Amended and Restated Director Retainer Plan
EX-10.23 2 fcf-ex1023_20181231x10xk.htm EXHIBIT 10.23 AMENDED AND RESTATED DIRECTORS RETAINER PLAN Exhibit
Exhibit 10.23 Amended and Restated Director Retainer Plan
FIRST COMMONWEALTH FINANCIAL CORPORATION
DIRECTOR RETAINER PLAN
(As Amended and Restated effective January 1, 2018)
Name and Purpose.
(a) This plan shall be known as the First Commonwealth Financial Corporation Director Retainer Plan (the “Plan”). This Plan is adopted by Board of Directors of First Commonwealth Financial Corporation (the “Company”) pursuant to the First Commonwealth Financial Corporation Incentive Compensation Plan (the “Master Plan”) and shall be subject to the terms and conditions of the Master Plan. Each capitalized term that is not otherwise defined in this Plan shall have the meaning given to such term in the Master Plan.
(b) The purpose of this Plan is to enable the Company to attract and retain qualified persons to serve as Directors of the Company by providing a competitive retainer and to further align the interests of Directors with shareholders of the Company by providing for the payment of a portion of the retainer in shares of Common Stock.
The Plan shall be administered by the Governance Committee of the Board of Directors (the “Committee”). The Committee shall, subject to the applicable provisions of the Plan and the Master Plan, have full authority and discretion to interpret the Plan, to prescribe, amend and rescind rules and regulations relating to the Plan, to prepare forms to use with respect to the Plan, and to make all determinations necessary or advisable for the administration of the Plan. The Committee’s determination as to any matter relating to the interpretation of the Plan shall be conclusive on all persons.
For purposes of the Plan, a “Director” refers to, as of any date, a person who is serving as a director of First Commonwealth Financial Corporation who is not an employee of the Company or any Subsidiary.
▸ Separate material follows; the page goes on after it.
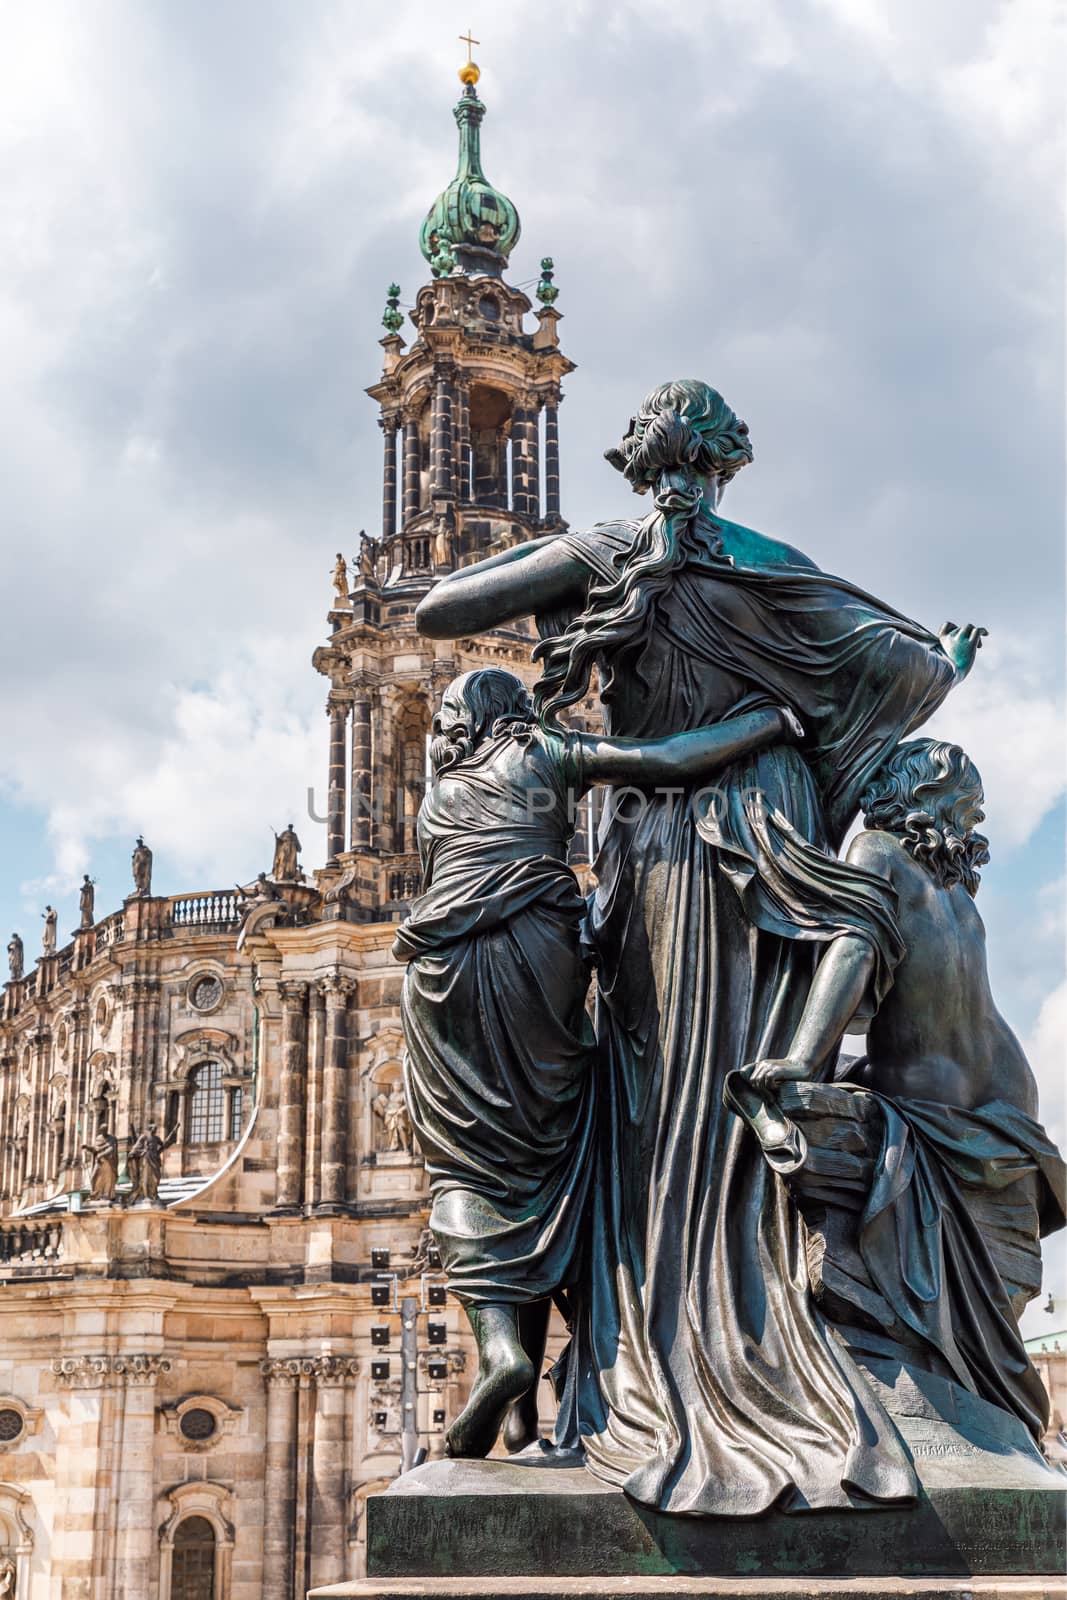 Statue in front of the Catholic Church Dresden, the Catholic Church of the Royal Court of Saxony. Germany. by seka33

(a) Each Director shall be paid a retainer in an amount determined by the Committee from time to time (the “Retainer”). Except for a Director who exercises his or her right to opt out of receiving shares of Common Stock in accordance with paragraph (b) of this Section 4, each Director shall receive the Retainer in cash and shares of Common Stock as follows:
(i) One-half of the Retainer shall be payable in cash in four equal installments on the date of each quarterly meeting of the Board of Directors in January, April, July and October (or the last day of the month if no meeting is held in that month); and
(ii) One-half of the Retainer shall be payable in shares of Common Stock in an amount determined by dividing (x) one-half of the Retainer by (y) the Fair Market Value of the Common Stock as of the Determination Date. The “Determination Date” shall mean the date of the Annual Meeting of Shareholders (or April 30 if the Annual Meeting is not held prior to that date), provided that if the Annual Meeting (or April 30, as applicable) occurs during a period when trading of the Common Stock is restricted by an insider trading or similar Company policy, the Determination Date shall be the first business day following the expiration of the trading restriction. The shares issuable pursuant to this Section 4(a)(ii) shall be issued in book entry form as soon as administratively practicable following the determination of Fair Market Value and shall not be subject to transfer restrictions or other Vesting Conditions.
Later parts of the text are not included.